Clustering sets by set difference


Suppose you have $ n$ nonequal sets $ S_1, \ldots, S_n$ and some constant $ 0 \le k < n$ . The goal of set clustering is to find a partition of the set $ \mathbf{S} = \{S_1, \ldots, S_n\}$ such that the sum of the total distance for each subset of $ \mathbf{S}$ is minimized and such that $ \mathrm{cardinality}(\mathbf{S}) = k$ (in reality, this latter constraint is not quite so tight, but the size of $ \mathbf{S}$ must be less than $ k$ , and hopefully near it). The total distance $ d$ of a set $ X \in \mathbf{S}$ is $ d(X) = \sum_{A, B \in X} \mathrm{cardinality}(A \ominus B)$ where $ \ominus$ is symmetric difference. Assume for the purposes of the problem that the sets consume $ O(1)$ space (so symmetric difference can be computed in constant time).

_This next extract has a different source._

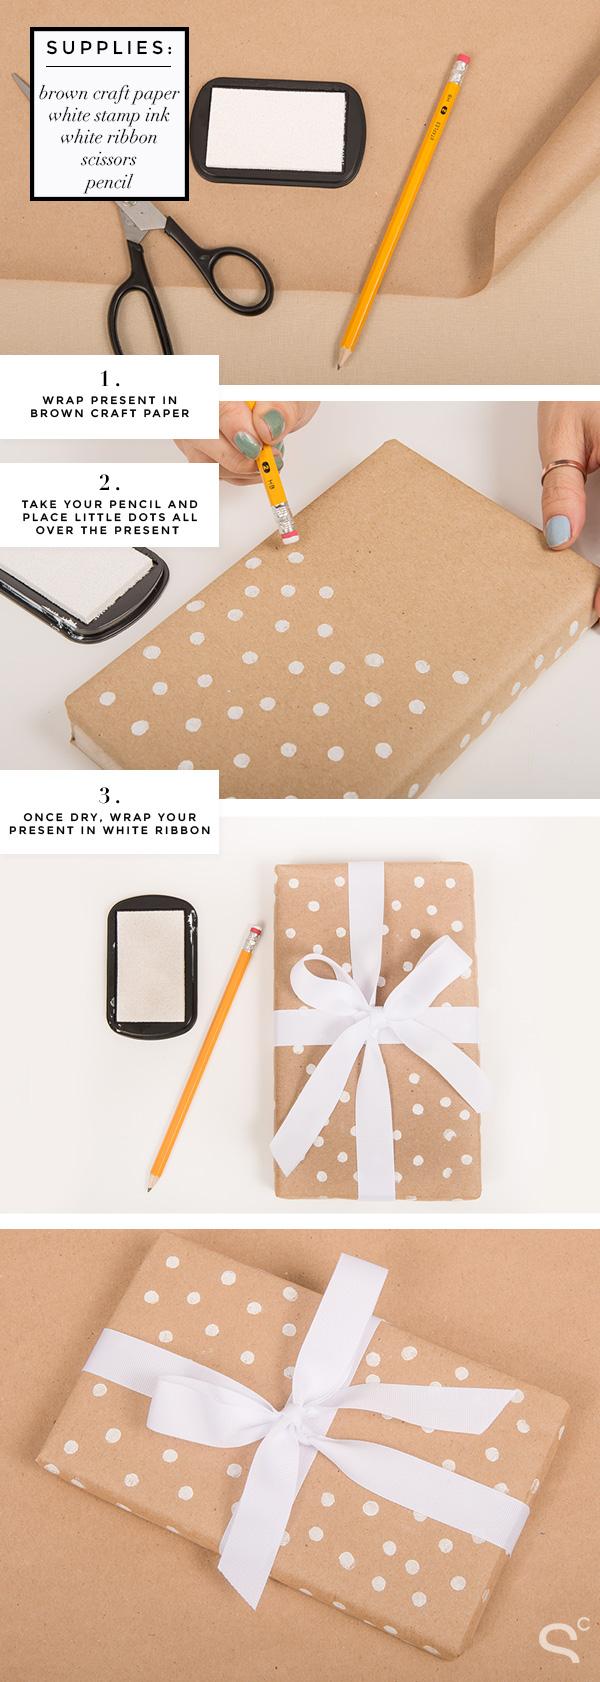 DIY-Gift-Wrapping-Ideas-Polka-Dot

Is there a good greedy linear(ithmic) heuristic for this problem? Is there any literature on this problem, or similar ones?


All I’ve come up with so far is an $ O(n^2 \log n)$ heuristic that looks like:

  1. Set $ I = \{1, \ldots, n\}$
  2. Choose some $ i \in I$
  3. Emit a cluster $ C \subset I$ containing all $ m \in I$ such that $ \mathrm{cardinality}(S_i \ominus S_m) \le d_\mathrm{max}$ .
  4. Set $ I = I – C$
  5. Go to step 2.

where this process occurs in each step of a binary search that finds the best value of $ d_\mathrm{max}$ for a given $ k$ .

I was thinking that if there were some way to sort the list of sets such that nearby sets in the list have small symmetric difference, then a linearithmic solution might be easy to write.